Early on, the unique history of the Jews attracted DNA researchers who sought to solve the mystery of the origins of the Jewish people.

Are the origins of the English, for example, as mysterious?  Why not?  Why should the origins of a historically important ethnie be inflated into a “mystery”?

The new analysis shows that Jewish ancestry reflects a mosaic of genetic sources.  While earlier studies focused on the Middle Eastern component of Jewish DNA, new research has revealed that both Europeans and Central Asians also made significant genetic contributions to Jewish ancestry.  Moreover, while the DNA studies have confirmed the close genetic interrelatedness of many Jewish communities, they have also confirmed what many suspected all along: Jews do not constitute a single group distinct from all others.

The last sentence is an opinion, a certain “spin” put on the data.  Even if a degree of genetic diversity exists within the worldwide Jewish population, that does not logically imply that this diverse group cannot be more similar to themselves than to the even more genetically distinct gentile populations of the world.  Jews may be both distinct and internally diverse.  After all, doesn’t “close genetic interrelatedness” suggest that at least the major Jewish populations constitute such a distinct entity?  Certainly, I’ll agree that outliers like the Ethiopian and Chinese Jews do not fall within this distinct group, but these outliers are a small minority of the overall Jewish population.

In examining Y chromosomal diversity in this review, two types of data are considered: Single Nucleotide Polymorphisms (SNPs), and Short Tandem Repeat Loci (STRs).  STR markers are characterized by mutation rates much higher than those seen with SNPs.  SNPs, on the other hand, are derived from rare nucleotide changes along the Y chromosome, so-called unique event polymorphisms (UEP).  These UEPs represent a single historical mutational event, occurring only once in the course of human evolution.  UEPs have been given a unified nomenclature system by the Y Chromosome Consortium (2002), resulting in the identification of each UEP with a particular haplogroup.

Halfway through this author’s breathless account of all the “haplotypes”, “haplogroups” and “sub-clades”, I wondered whether she really understands that the NRY (as well as mtDNA) behaves as a single locus, and that all the SNPs and STRs in question are being co-inherited as a single bloc?  The way this essay is written, someone may get the mistaken impression that all the SNPs and STRs analysed constitute different, independently inherited, alleles of multiple loci, which they do not.

While the Jews of today are connected historically and religiously to the Jews of ancient Israel, the DNA evidence also indicates that a significant amount of Jewish ancestry can be traced directly back to their Israelite/Middle Eastern ancestors…..Not only did the genetic researchers corroborate the oral history of an ancient Jewish priestly caste, but they also confirmed the genetic link between both Sephardic and Ashkenazi populations, indicating that before the two populations separated, those who shared the CMH also shared common Israelite ancestry.

That is a crucial point, one that cannot be “spun” out of existence.
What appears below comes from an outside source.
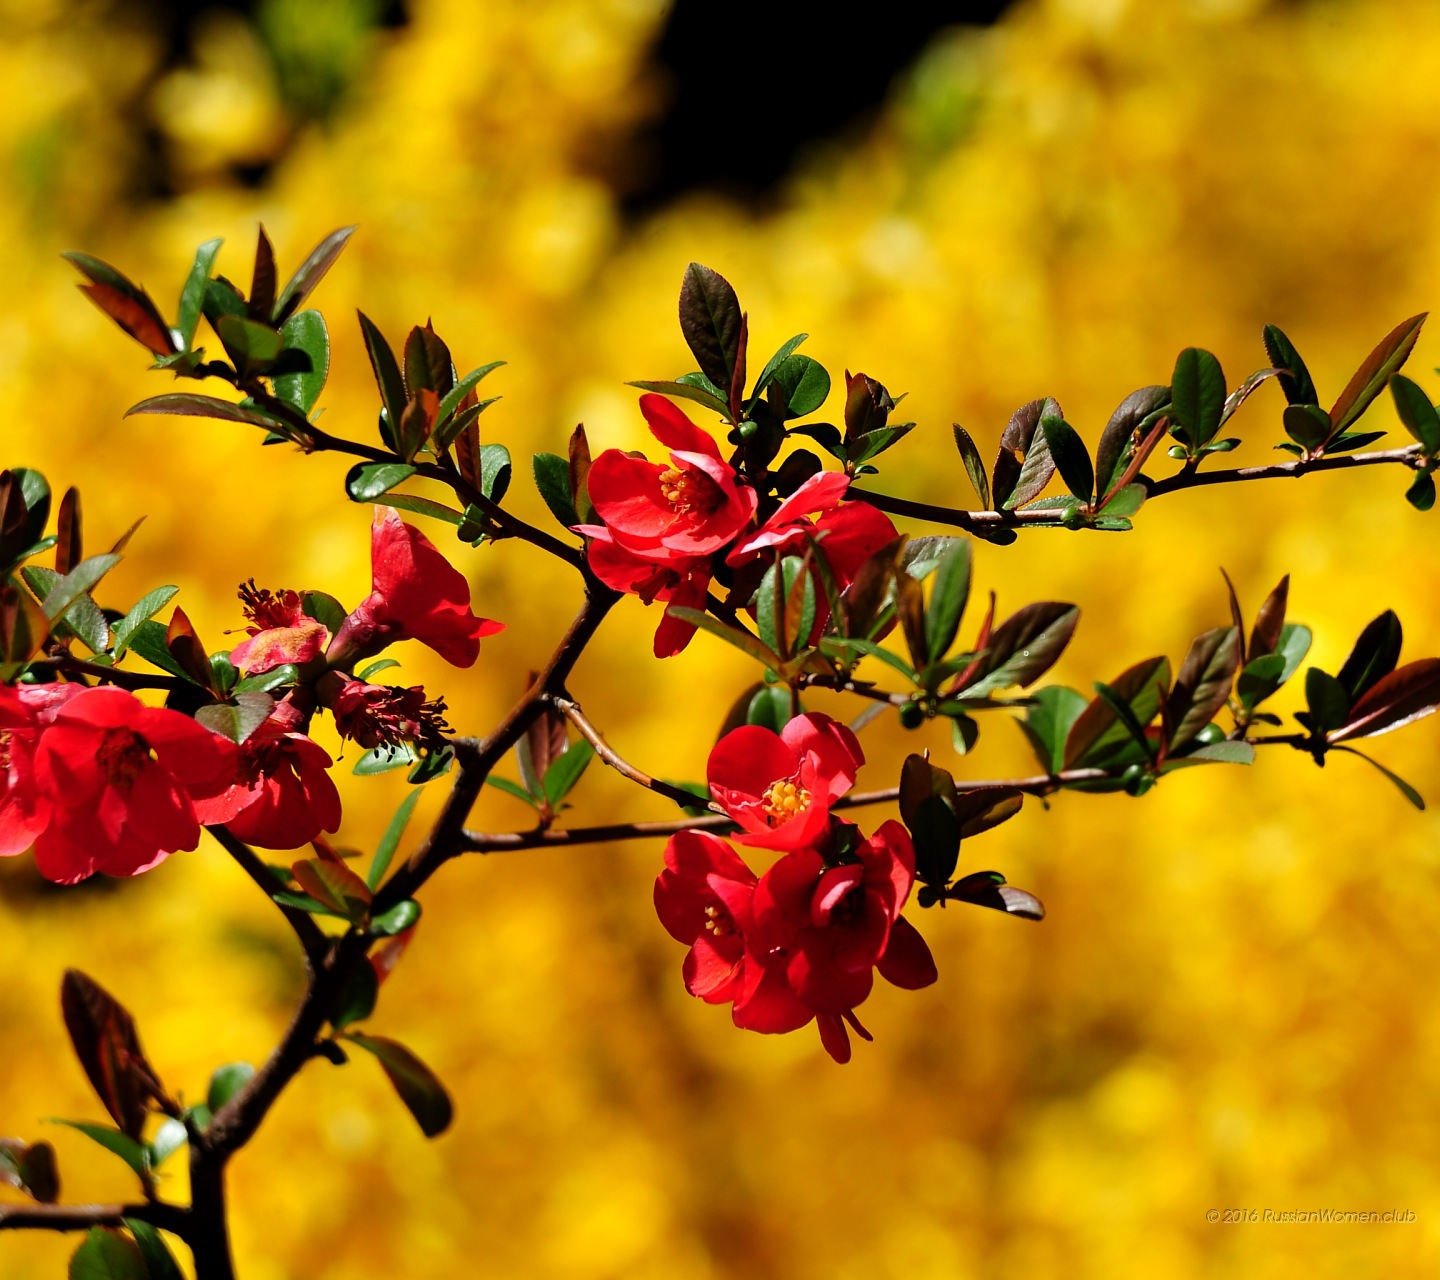 sfondi yu yureka,fiore,pianta,pianta fiorita,giallo,primavera

The misinterpretation of the Cohanim results was damaging in some ways to the wider understanding of Jewish genetic ancestry.  For example, one widely published media quote went like this: “This genetic research has clearly refuted the once-current libel that Ashkenazi Jews are not related to the ancient Hebrews, but are descendants of the Kuzar (sic) tribe – a pre-10th century Turko-Asian empire which reportedly converted en masse to Judaism.”  Further, it was claimed that “[r]esearchers compared the DNA signature of the Ashkenazi Jews against those of Turkish-derived people, and found no correspondence” (Kleinman 1999).

Yes, but there was, and continues to be, a school of thought that says that the Ashkenazim are pure Khazars, with no Middle Eastern/Israelite blood at all.  The author should be honest enough to admit that the Khazar enthusiasts often promoted such an extreme doctrine and that the genetic data does refute that particular hypothesis.  The idea that some Khazar ancestry is found in the Ashkenazim is, in contrast, a reasonable assumption.

The rationale behind such conversion continues to both puzzle and fascinate historians – why would a people, despite political pressure from two great powers, chose a religion which had no support from any political power, but was rather persecuted by all?

Again, why was this group “persecuted by all”?  Facile comments and self-serving explanations are not going to solve this problem.

The Khazars are often described as “a people of Turkish stock”, although such description is misleading (Koestler 1976, p. 13).

Why is it misleading?  Because Koestler didn’t like the idea of Jews being derived from Turkic stock?

However, Koestler (1976, p. 22) cautions the reader not to place too much weight on this description, since it was customary among Turkish peoples to refer to the ruling classes as “white” and the lower clans as “black”.

Again, Koestler puts his “spin” on the facts.  I wonder, do Koestler and the author of this essay believe that the “fair complexion” Khazar description is accurate, but that the “black” Khazar description is such that we shouldn’t put “too much weight” on it?  Where do opinions end and facts begin?

It is clear that the Khazars were closely connected to the Huns, who themselves are an ethnic mystery.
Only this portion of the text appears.